In manufacturing the lightweight insulation foam concrete constituting the thermal insulation layer of the hot water underfloor structure, by adding a diluent mixed with a foaming agent and water into a bubble generator to produce bubbles, and mixing the produced bubbles with a cement mortar, the mixture Method for producing lightweight insulating foamed concrete with increased compressive strength and improved cracking caused by dry shrinkage by mixing ALC Meal so that mixing ratio of cement to ALC Meal is in the range of 1: 0.1 ~ 1 while stirring . The method of claim 1, wherein the particle diameter of the ALC Meal is 3mm or less. The method of claim 1, wherein a fly ash is used in place of a part of the ALC Meal. The method of claim 3, wherein the use amount of fly ash is 10% to 100% of the amount of cement used.

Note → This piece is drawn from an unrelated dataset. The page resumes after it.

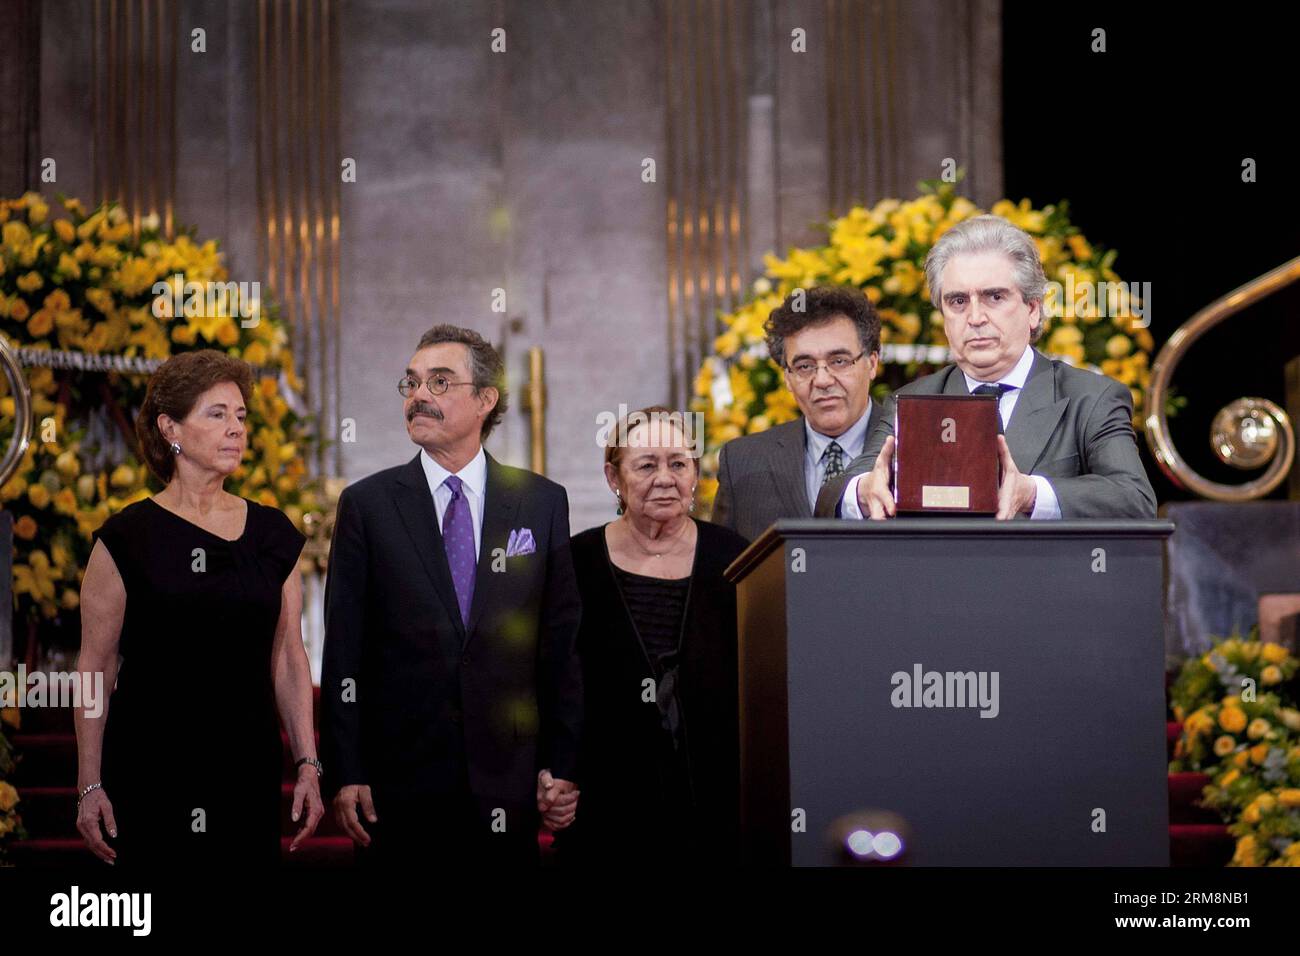 (140422) -- MEXICO CITY, April 21, 2014 (Xinhua) -- Rafael Tovar y de Teresa (R), president of the National Council for Culture and the Arts (Conaculta, for its acronym in Spanish), holds the urn with the remains of late Colombian writer Gabriel Garcia Marquez, next to Mercedes Barcha (C) widow of Garcia Marquez, and their sons Rodrigo Garcia Barcha (2nd R) and Gonzalo Garcia Barcha (2nd L) during a homage at the Palace of Fine Arts, in Mexico City, capital of Mexico, on April 21, 2014. (Xinhua/Pedro Mera) MEXICO-MEXICO CITY-COLOMBIA-CULTURE-GARCIA MARQUEZ PUBLICATIONxNOTxINxCHN   Mexico City Stock Photo
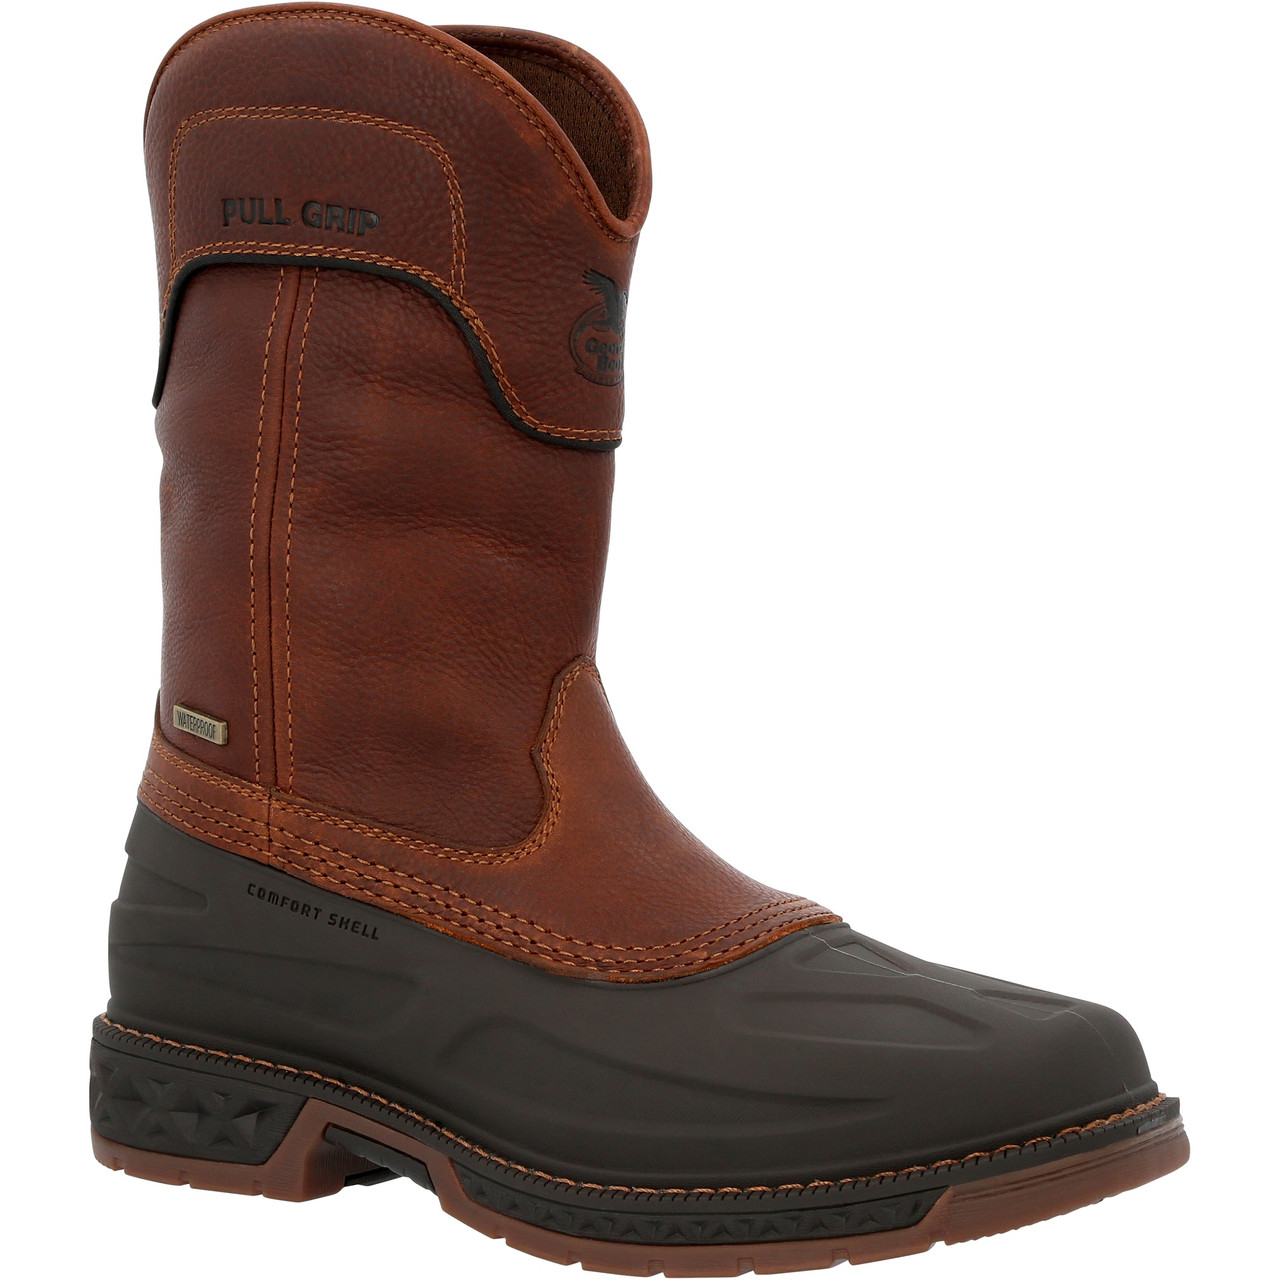 GEORGIA BOOT CARBO-TEC LTR WATERPROOF PULL ON BOOTS GB00470

The compressive strength is increased and dried, characterized by containing ALC Meal in the mixture of cement and ALC Meal in the mixture of air bubbles and cement mortar generated from the mixture of foaming agent and water in the range of 1: 0.1 ~ 1. Lightweight insulation foam concrete with improved shrinkage due to shrinkage. [6] The lightweight insulating foam concrete according to claim 5, wherein the particle size of the ALC Meal is 3 mm or less. 6. The lightweight insulating foam concrete according to claim 5, wherein fly ash is incorporated in place of a portion of the ALC Meal. 8. The lightweight insulating foam concrete according to claim 7, wherein the fly ash is used in an amount of 10% to 100% of the amount of cement used.